After that round of hypnobirthing, Rachel asked if I would like her to fill up the tub. This was really encouraging, since I knew that she didn't offer the tub until she thought someone was in more active labor. I told her yes, and then returned to the bed for more kneeling contractions, repeating the thought, "This is what I want," while I "ahhhed" my way through each intense contraction and watched Rachel fill the tub. By this time it was about 6:00. I asked for something to eat and had a little bit of a protein drink, which turned out not to be a good choice because I felt nauseous shortly thereafter.

Just before 7 P.M., I stepped into the tub, which was heavenly. The warm water took away a lot of the intensity I had been feeling throughout my body when I was on the bed. Rachel said, "I haven't checked you, so I just want you to do what your body tells you to." After a few minutes in the tub, I actually worried that I was too relaxed and that I was not making any progress, but the intensity returned fairly quickly. Josh got in the tub with me for a while, but then I had to ask him to get out, so I could turn sideways and get my pelvis really open. I really wanted that baby out soon! With each contraction I held on to the edge of the tub and squatted. As a contraction ended, I would let myself rock back into more of a sitting position in the water. Rachel got a cold washcloth and patted my face with it gently.

I started feeling a little discouraged and pouty because, it seemed like, pretty quickly, my contractions were spacing out again (even though they were still really strong). I thought about asking Rachel to check me, but knew it wasn't a good idea. I kept going back in forth in my mind thinking, "If you're really discouraged, you're probably in transition," and, "That would be nice, but probably you have a long ways to go." Josh kept telling me I was doing a great job and how proud of me he was. When Rachel got the mirror ready nearby I felt totally encouraged, even though she hadn't said anything. I asked her if she could put some lavendar oil on the wash rag so I could smell it because it really realxed me. Instead, she sprayed some in the air, which was awesome because it suddenly smelled like my room was a spa!

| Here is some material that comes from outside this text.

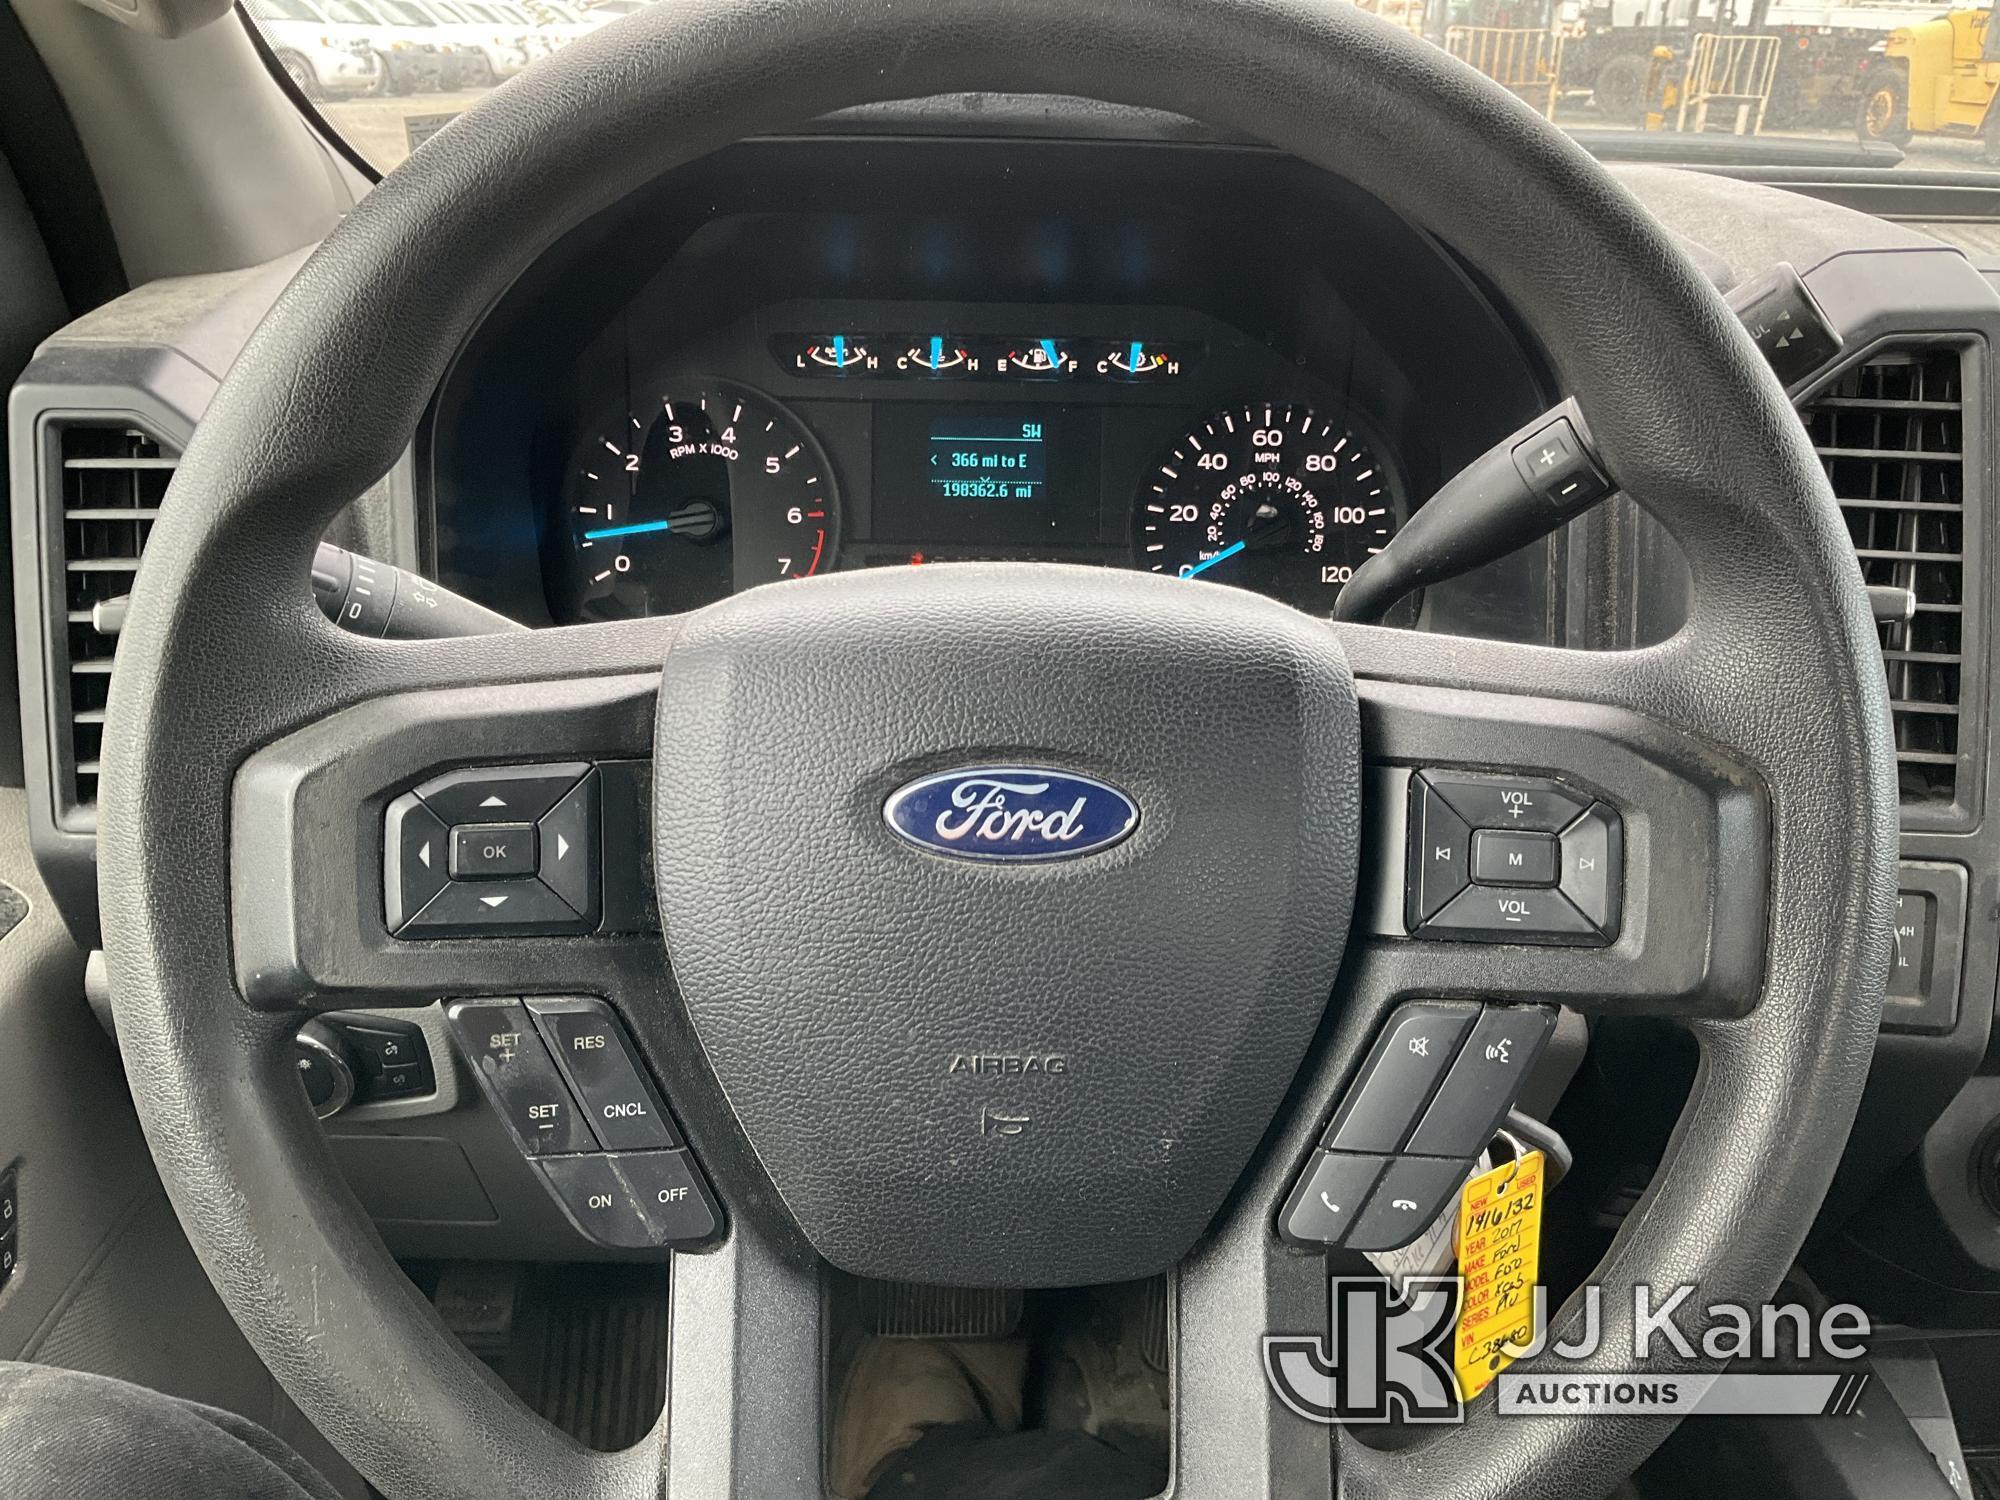 (Plymouth Meeting, PA) 2017 Ford F150 4x4 Extended-Cab Pickup Truck Runs & Moves, Bad Trans, Body &

I heard Isaiah come home with my sister and hoped that he was o.k. hearing me make a lot of noise. Some of my "ahhs" were sounding kind of siren like to me at this point! Rachel suggested that I switch to low "ohh" sounds. "Soft, stretchy, and open," she said. I was thankful to have direction at this point, so I did exactly what she said, and pretty soon one of my "ohhhhs" was interrupted by an "uhh" when I felt pressure. According to my Labor Record, this happened at 7:50 P.M.
I kept kneeling and holding on to the edge of the birth tub. Rachel commented that it sounded like I was bearing down, and I said that I wasn't really doing anything, but that if I tried to stop it felt uncomfortable. She said to go ahead and let it go then. I had a few more contractions without the pressure feeling and then things started happening really fast.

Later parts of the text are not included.